Consider "RANGE 4.5 PRECEDING'.

You need to be able to test whether, for the current row 'b', any given
row 'a' is within the range (b - 4.5) < a <= b . Not 100% sure about the
< vs <= boundaries, but that's irrelevant for the example.

To test that, you have to be able to do two things: you have to be able
to test whether one value is greater than another, and you have to be
able to add or subtract a constant from one of the values.

Right now, the b-tree access method provides information on the ordering
operators < <= = > >= <> , which provides half the answer. But these
don't give any concept of *distance* - you can test ordinality but not
cardinality.

To implement the "different by 4.5" part, you have to be able to add 4.5
to one value or subtract it from the other.

The obvious way to do that is to look up the function that implements
the '+' or '-' operator, and do:

((OPERATOR(+))(a, 4.5)) > b AND (a <= b)

or

((OPERATOR(-))(b, 4.5)) < a AND (a <= b);

The problem outlined by Tom in prior discussion about this is that
PostgreSQL tries really hard not to assume that particular operator
names mean particular things. Rather than "knowing" that "+" is always
"an operator that adds two values together; is transitive, symmetric and
reflexive", PostgreSQL requires that you define an *operator class* that
names the operator that has those properties.

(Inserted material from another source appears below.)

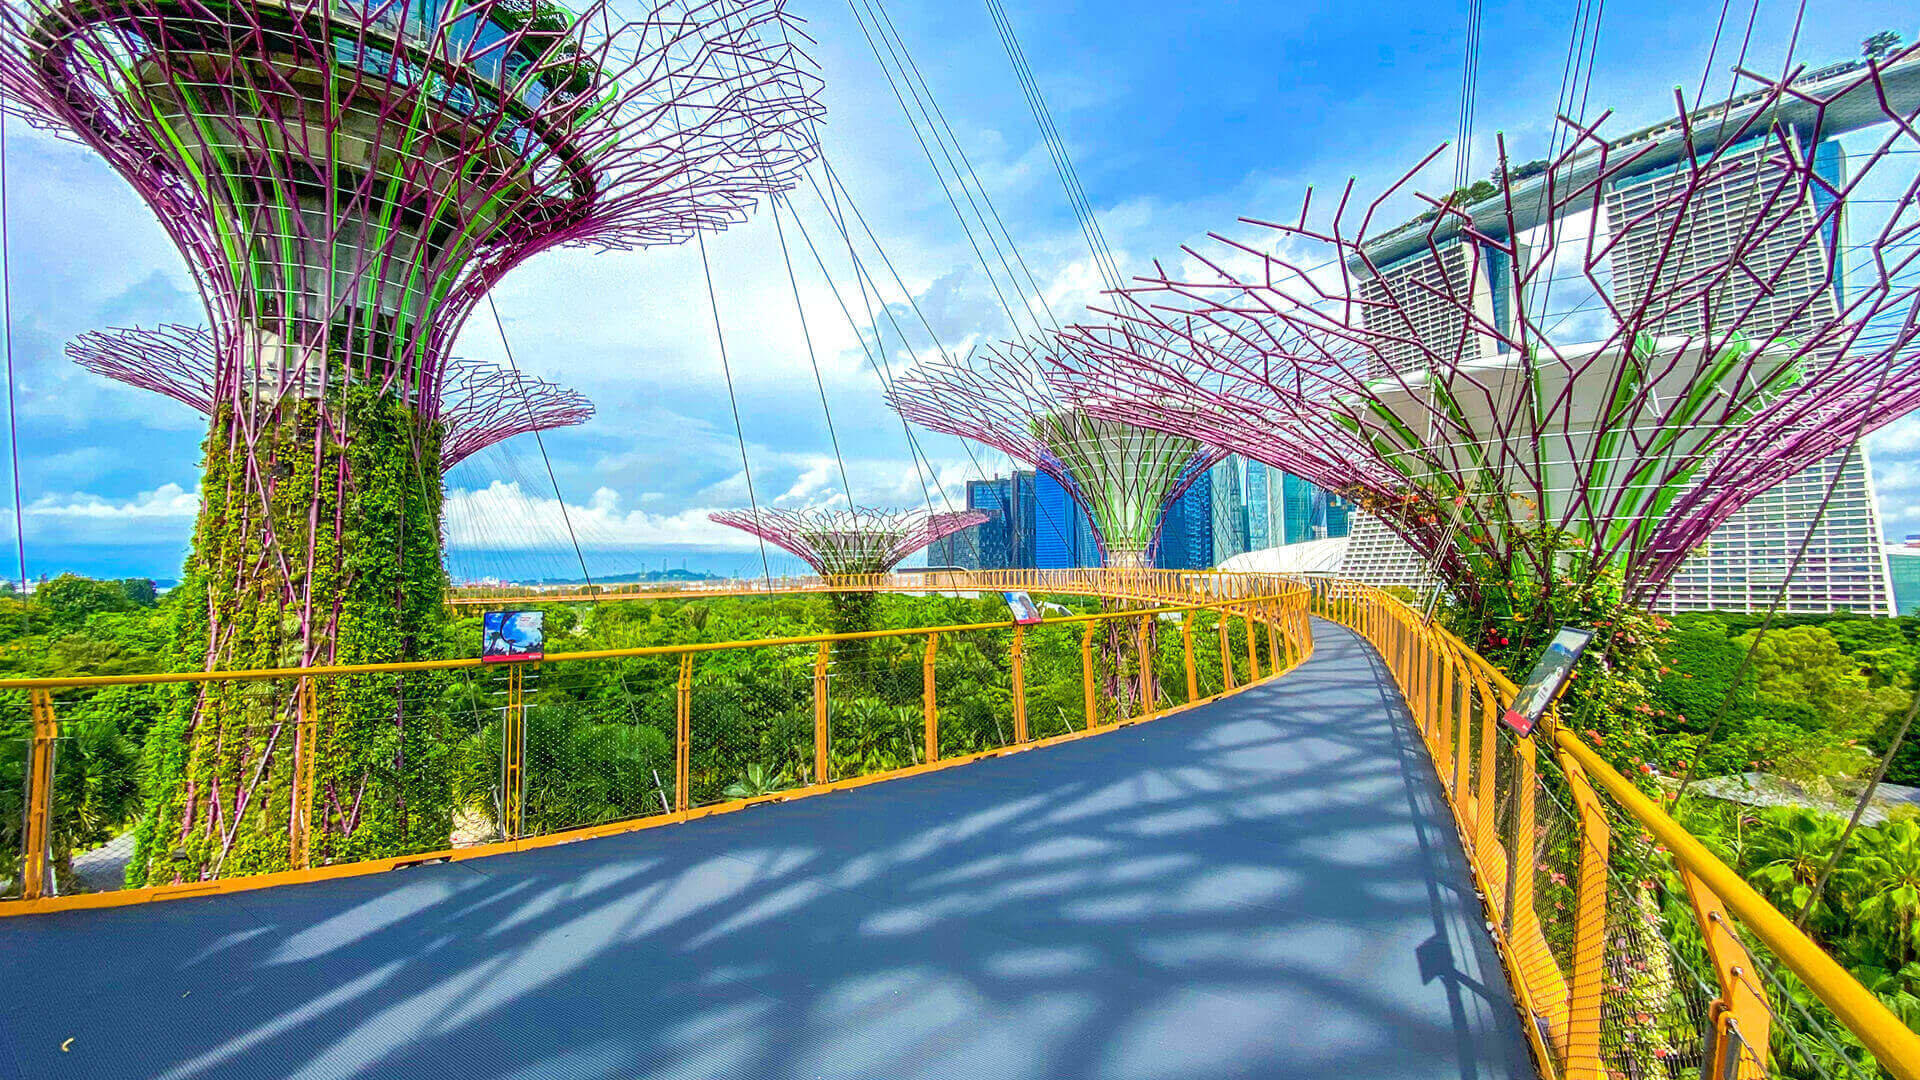 OCBC Skyway- Gardens By the Bay Overview

Or at least, it does for less-than, less-than-or-equals, equals,
greater-than-or-equals, greater-than, and not-equals as part of the
b-tree operator class, which *usually* defines these operators as < <= =
>= > <>, but you could use any operator names you wanted if you really
liked.

Right now (as far as I know) there's no operator class that lets you
identify operators for addition and subtraction in a similar way. So
it's necessary to either add such an operator class (in which case
support has to be added for it for every type), extend the existing
b-tree operator class to provide the info, or blindly assume that "+"
and "-" are always addition and subtraction.

For an example of why such assumptions are a bad idea, consider matrix
multiplication. Normally, "a * b" = "b * a", but this isn't true for
multiplication of matrices. Similarly, if someone defined a "+" operator
as an alias for string concatenation (||), we'd be totally wrong to
assume we could use that for doing range-offset windowing.

So. Yeah. Operator classes required, unless we're going to change the
rules and make certain operator names "special" in PostgreSQL, so that
if you implement them they *must* have certain properties. This seems
like a pretty poor reason to add such a big change.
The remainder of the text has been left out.